The current fashion, of course, is to come up with theories about how the world is supposed to work. The obvious problem: people aren’t always rational. They are, in fact, influenced by things like advertising and a sense of fairness. As a result, math-heavy top-down models can prove disastrously wrong. Backhouse notes that crises of economics are common. Before the recent financial crisis, it was the crisis of the 1970s and a struggle to account for oil price shocks, waning productivity and stagflation.
None of that means economics is fundamentally flawed. Just that we expect too much of it. Backhouse also runs through a few examples of economics working just beautifully. One example: the program in the U.S. in the 1990s to control acid-rain-causing emissions. Setting up a marketplace and letting companies trade permits was a smash success. Companies innovated and emissions came down. Backhouse explains that part of the reason this worked so well was that the economics profession created the environment its equations were meant to describe. And that environment–the marketplace–was relatively simple. The endeavor was worlds away from trying to use economics to capture the entire system of U.S. finance, or an even more complicated system like the economy itself.

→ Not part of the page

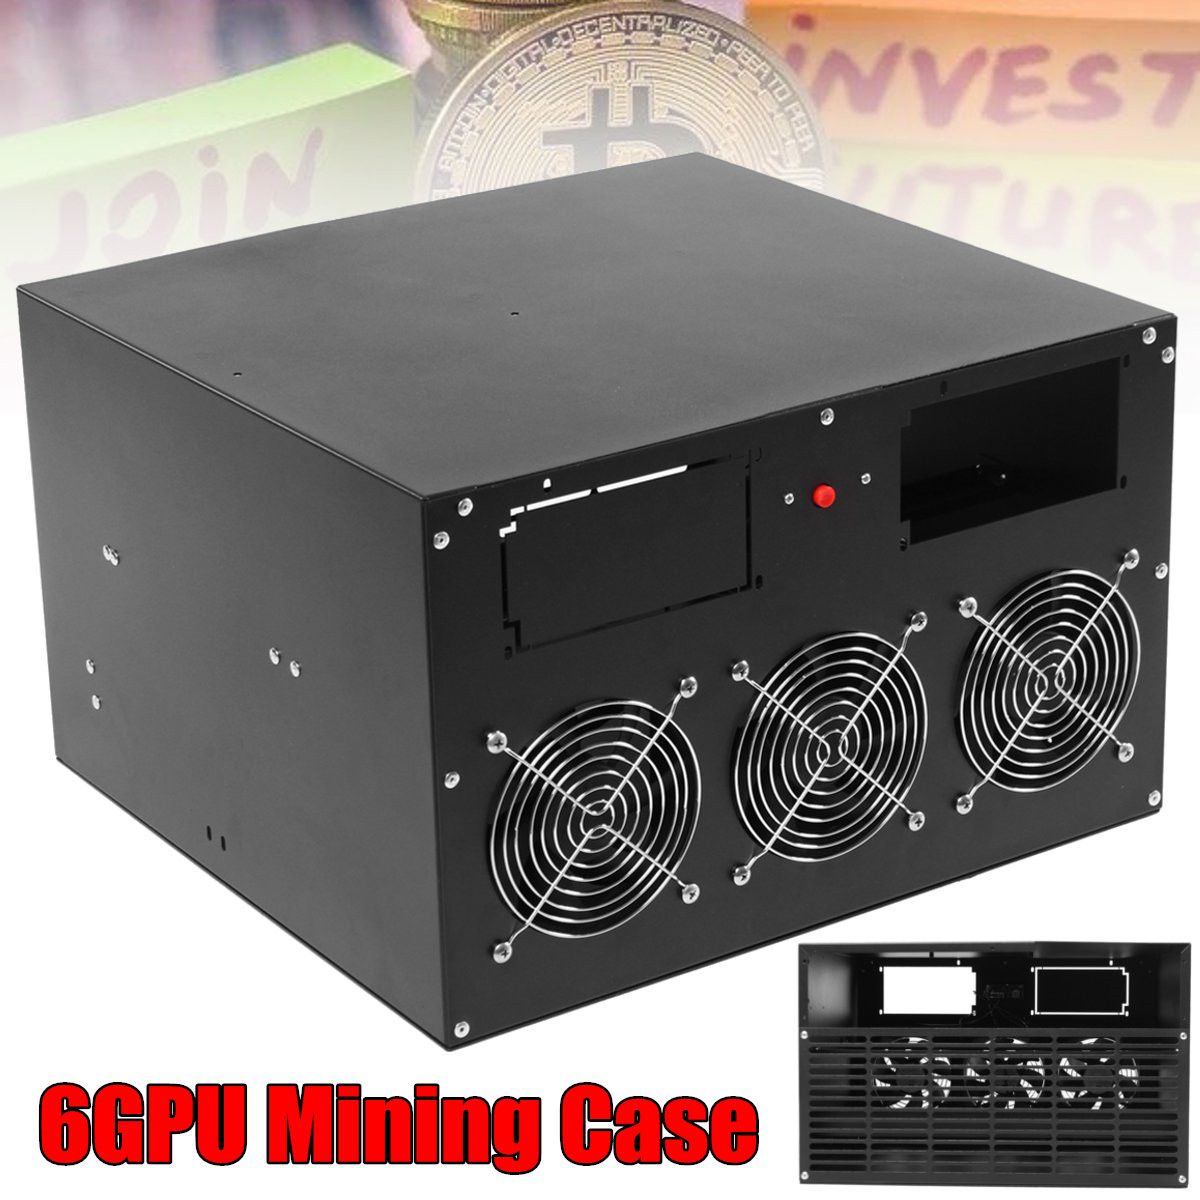 6-GPU-Coin-Miner-Minning-Case-Miner-Mining-Frame-Case-Mining-Rig-Case-with-3-Fans-1269872

And when you think about it, it is a little odd that we think economics would be able to do these things. After all, the economy is as much a product of sociology and policy as it is pure-form economics. Yet we’d not expect a sociologist or a political scientist to be able to write a computer model to accurately capture system-wide decision-making. The conclusion I’ve come to: while economists may have an important perspective on whether it’s time for stimulus or austerity, maybe we should stop looking to them as if they are people who are in the ultimate position to know.